- [Task description]:
Retype the listing exactly as it stands, and keep every image out.

- [Dataset excerpt]:
■ ■ ■ ■
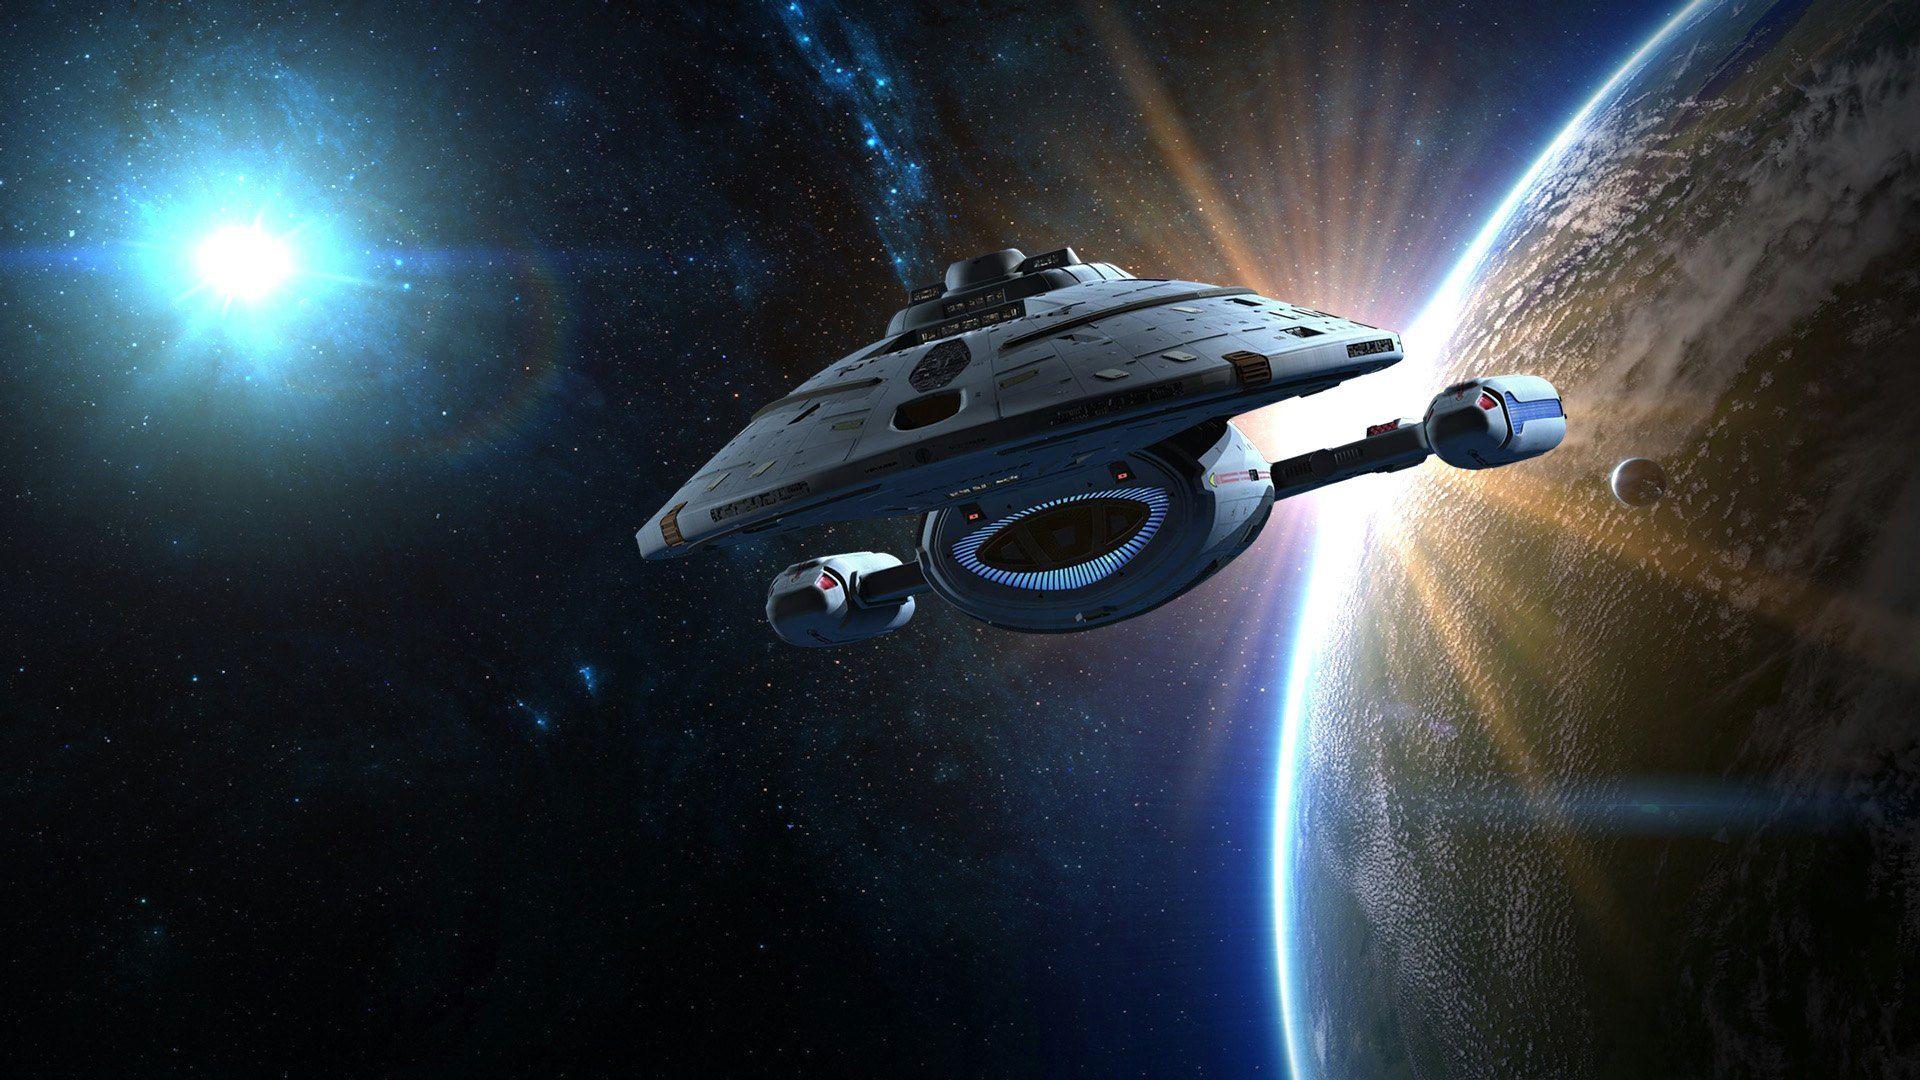 Pin By Justin Day On Sci Fi Star Trek Wallpaper Star Trek Voyager Star Trek Starships
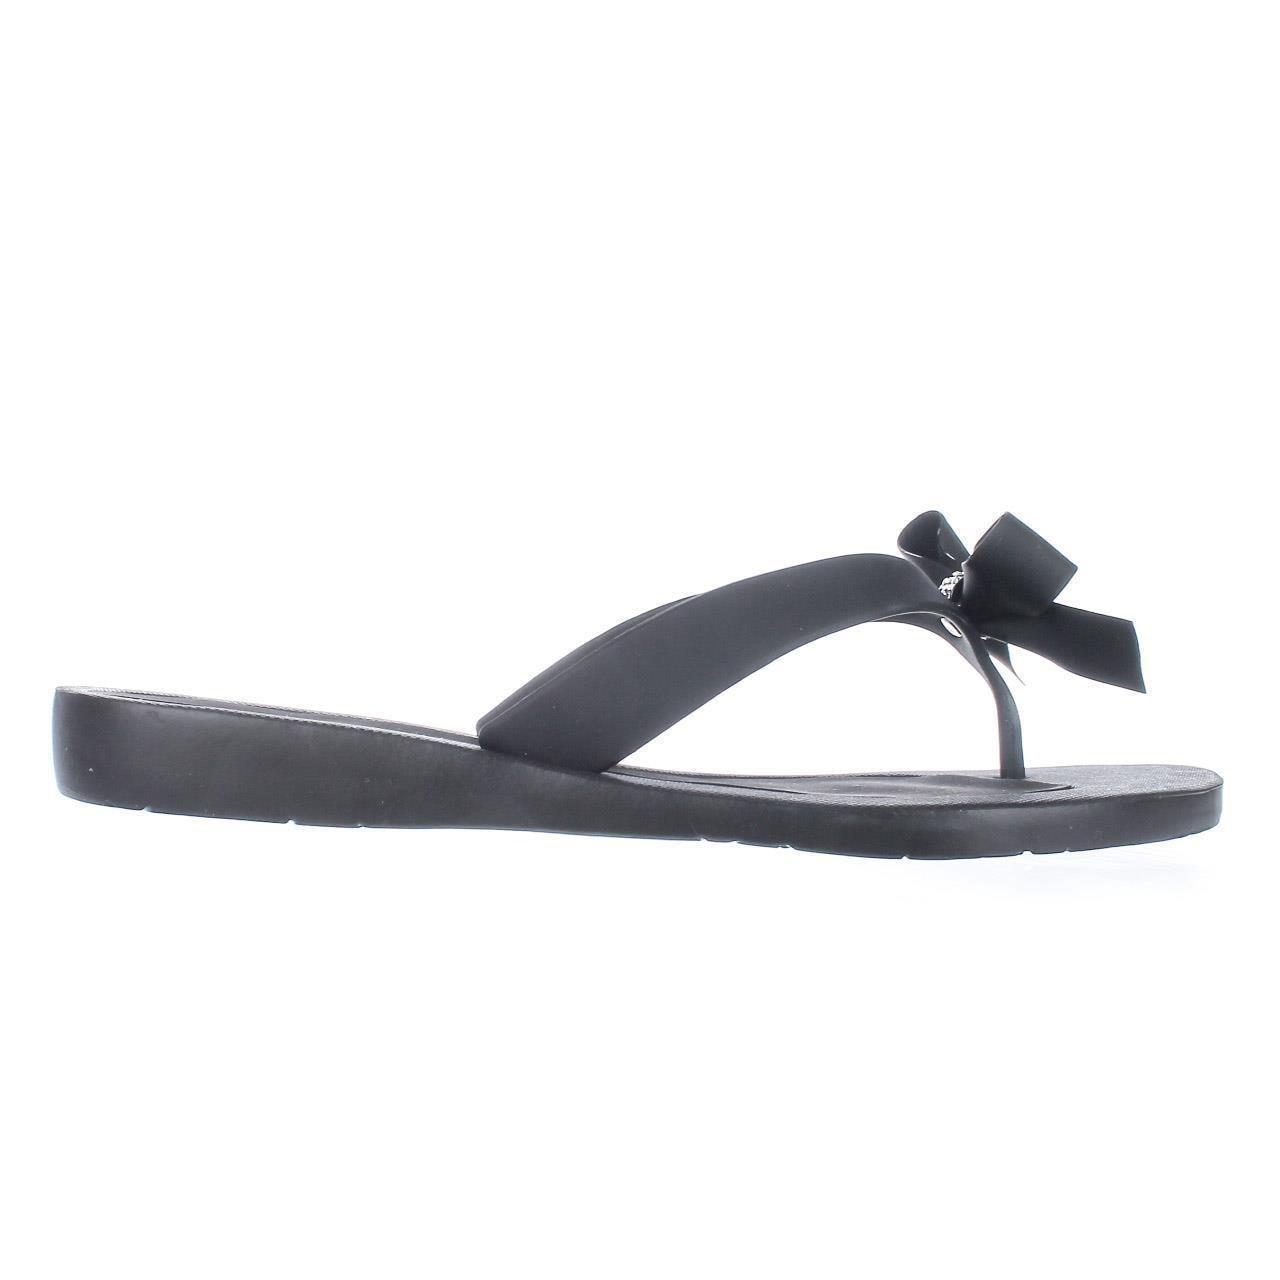 56c276641737c8 Shop GUESS Tutu Bow Thong Flip Flops
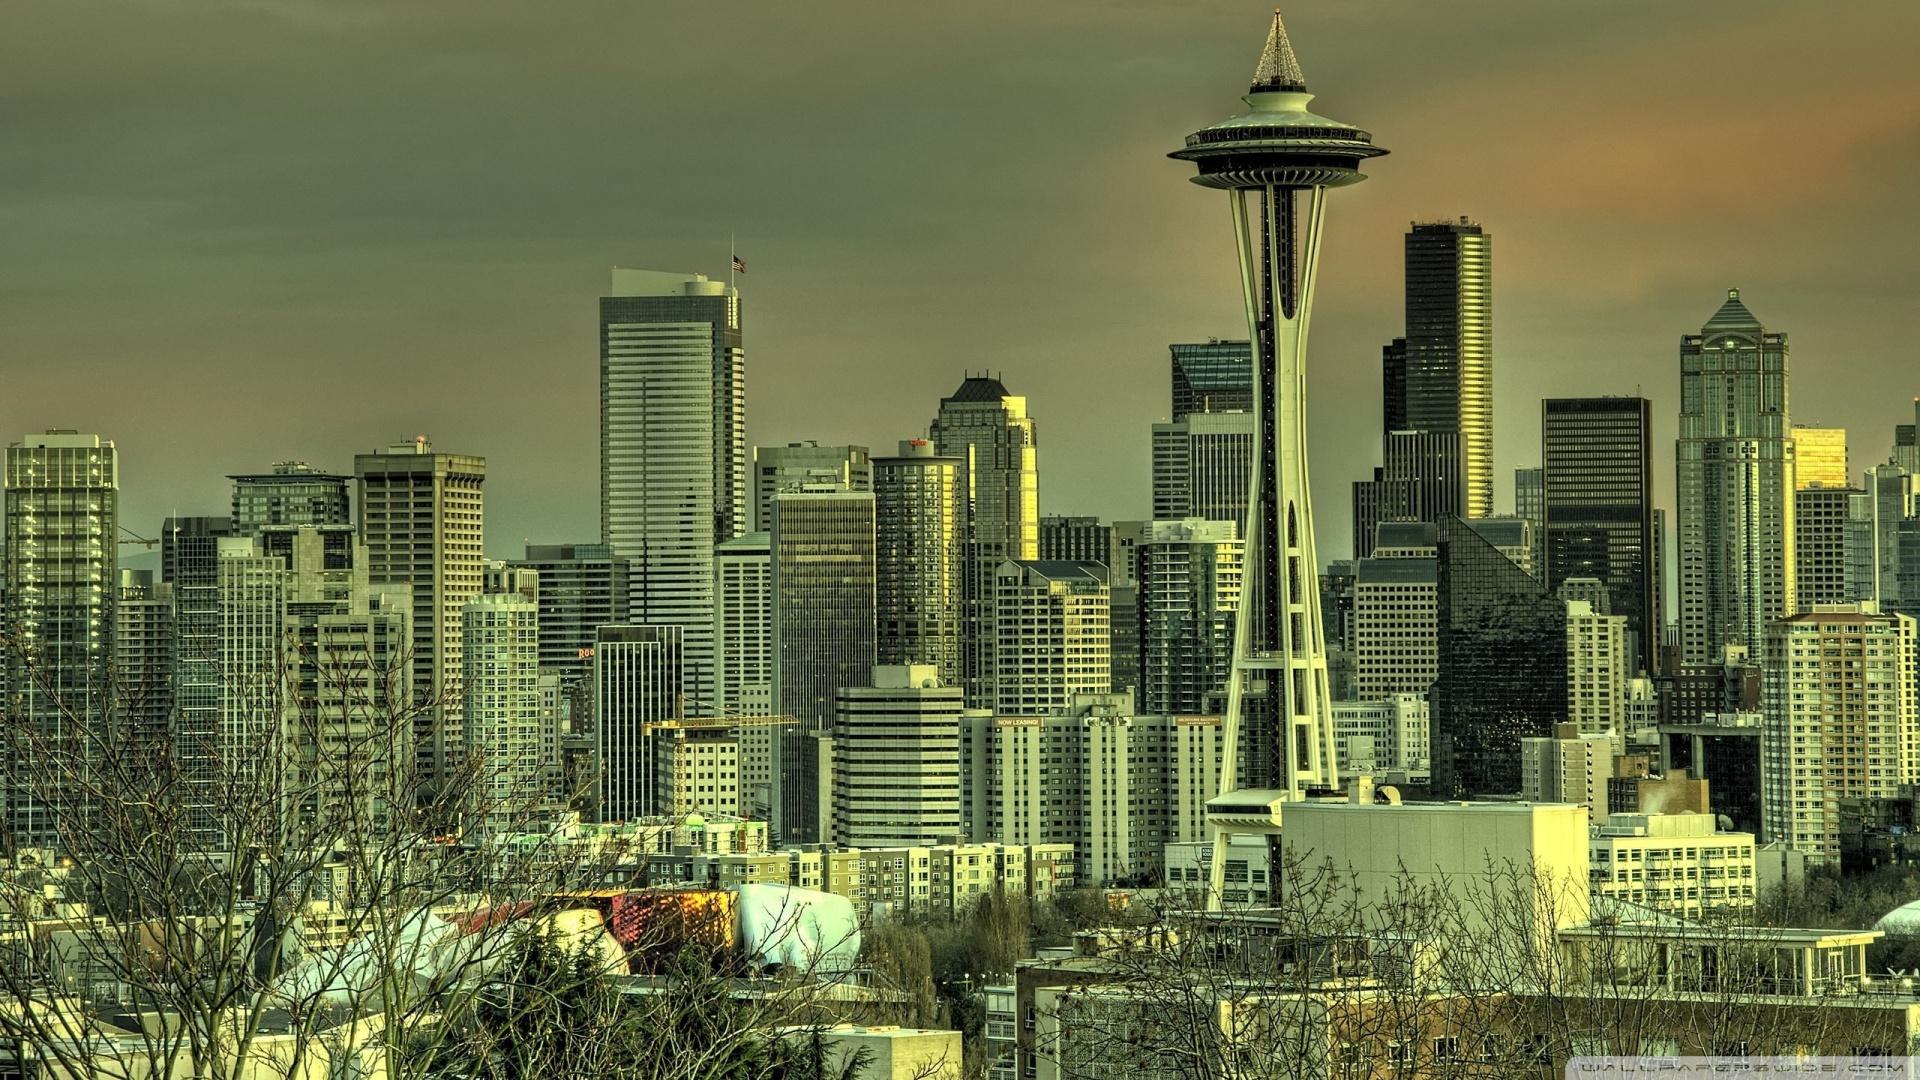 Seattle Tower Wallpaper 1920x1080 Seattle Tower 1920x1080
■ ■ ■ ■
- [Written response]:
 Pin By Justin Day On Sci Fi Star Trek Wallpaper Star Trek Voyager Star Trek Starships
 56c276641737c8 Shop GUESS Tutu Bow Thong Flip Flops
 Seattle Tower Wallpaper 1920x1080 Seattle Tower 1920x1080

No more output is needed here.